▶ _Work instructions_
Given the records underneath, please repeat exactly the lines from the line with "Gambling Ponies.... (I" through the line with "Plastové pouzdro na", passing over any picture.

▶ _Records shown_
----
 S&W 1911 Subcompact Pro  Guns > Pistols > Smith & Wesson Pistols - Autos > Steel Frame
----
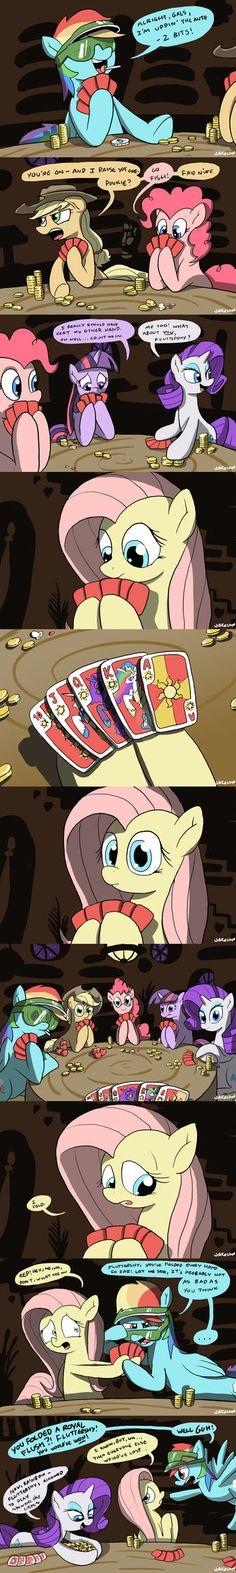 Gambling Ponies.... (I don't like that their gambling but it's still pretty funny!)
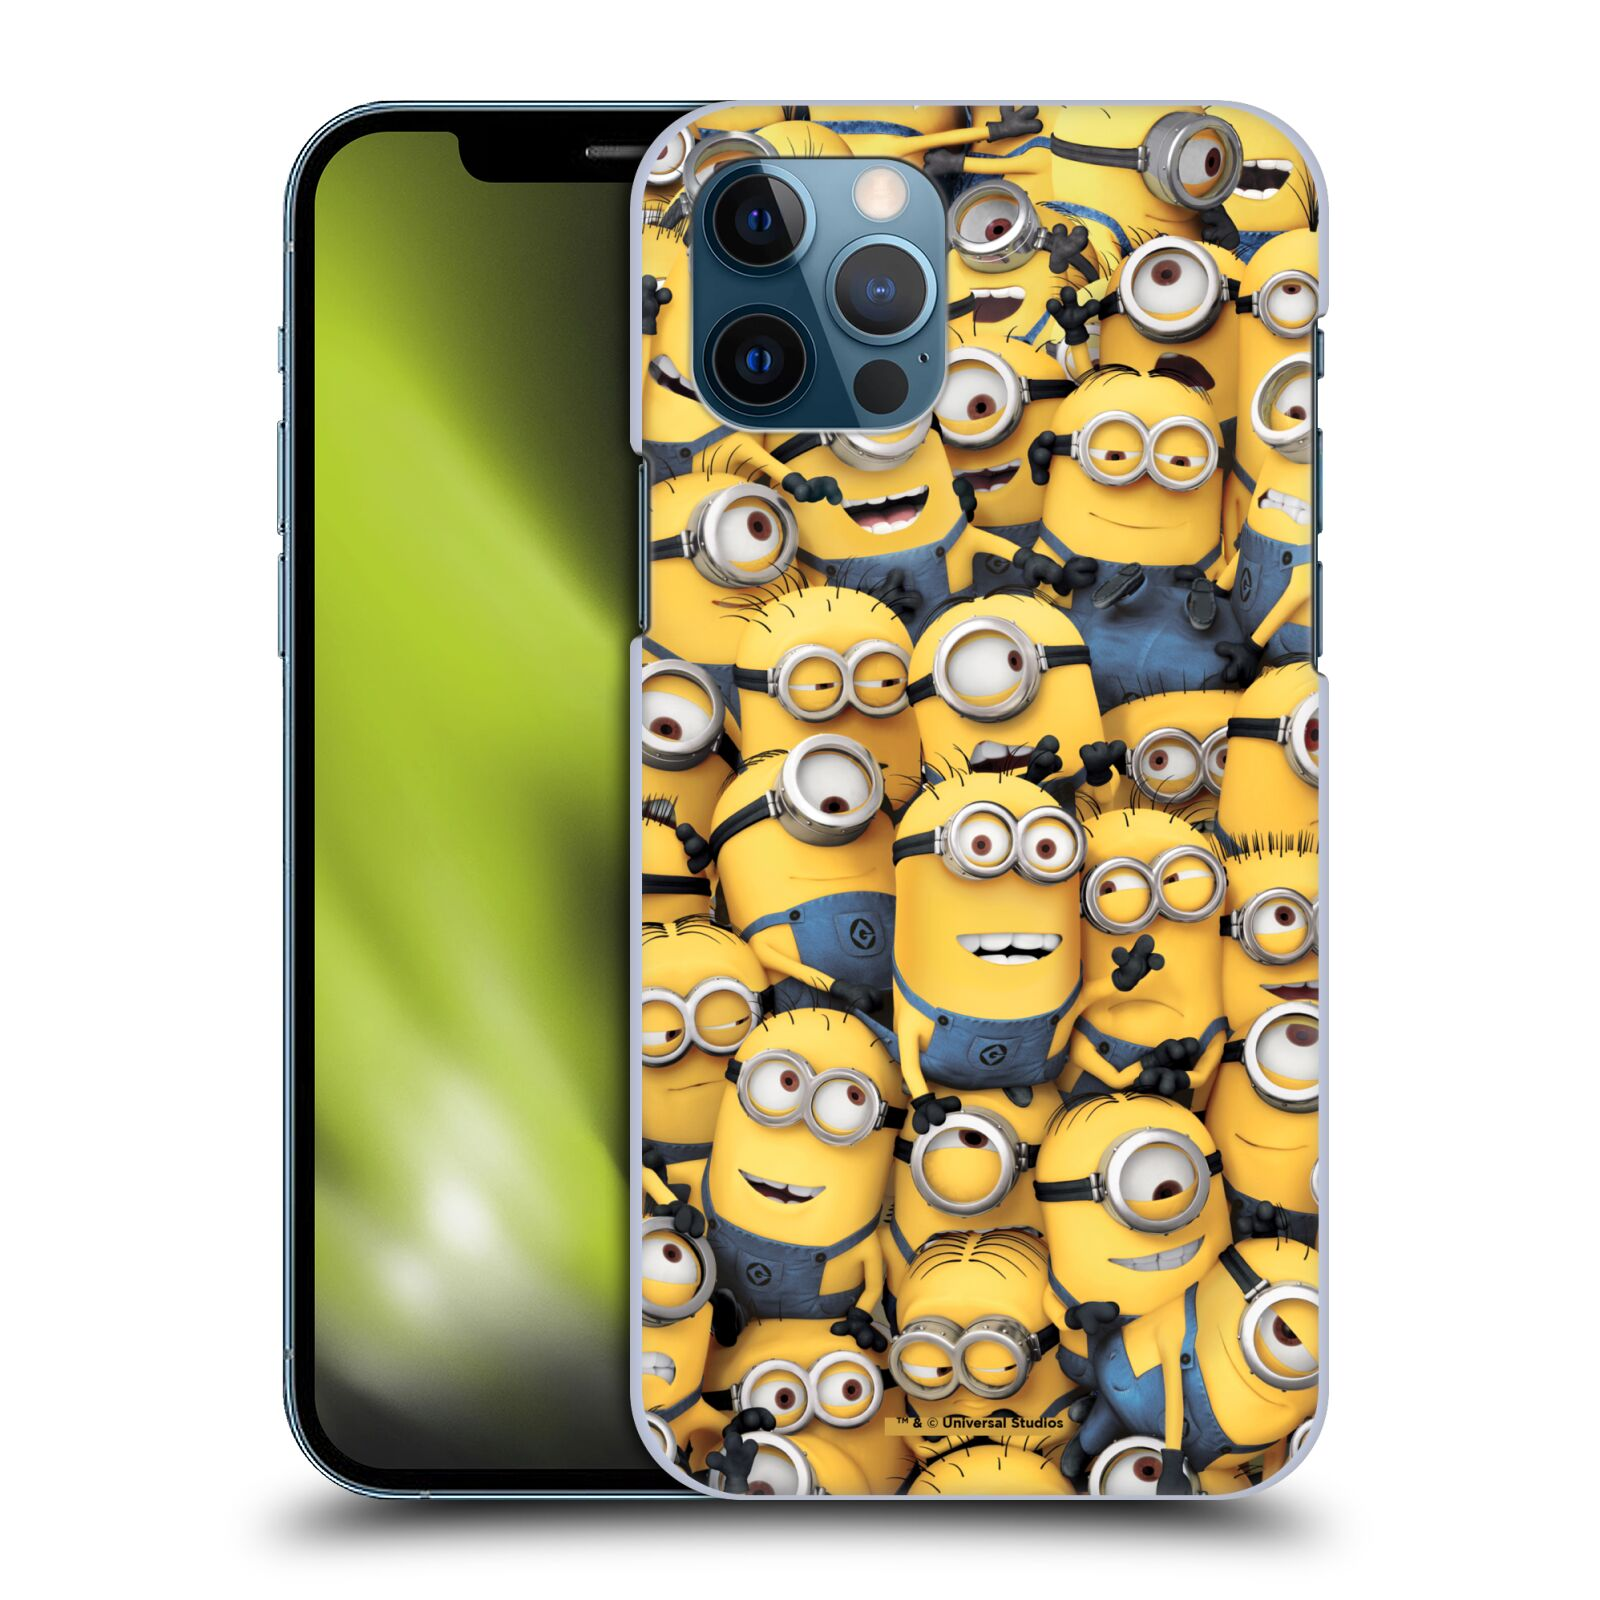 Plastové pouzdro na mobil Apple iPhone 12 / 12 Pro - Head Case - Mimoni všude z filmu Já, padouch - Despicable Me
----
▶ _Problem solution_
 Gambling Ponies.... (I don't like that their gambling but it's still pretty funny!)
 Plastové pouzdro na mobil Apple iPhone 12 / 12 Pro - Head Case - Mimoni všude z filmu Já, padouch - Despicable Me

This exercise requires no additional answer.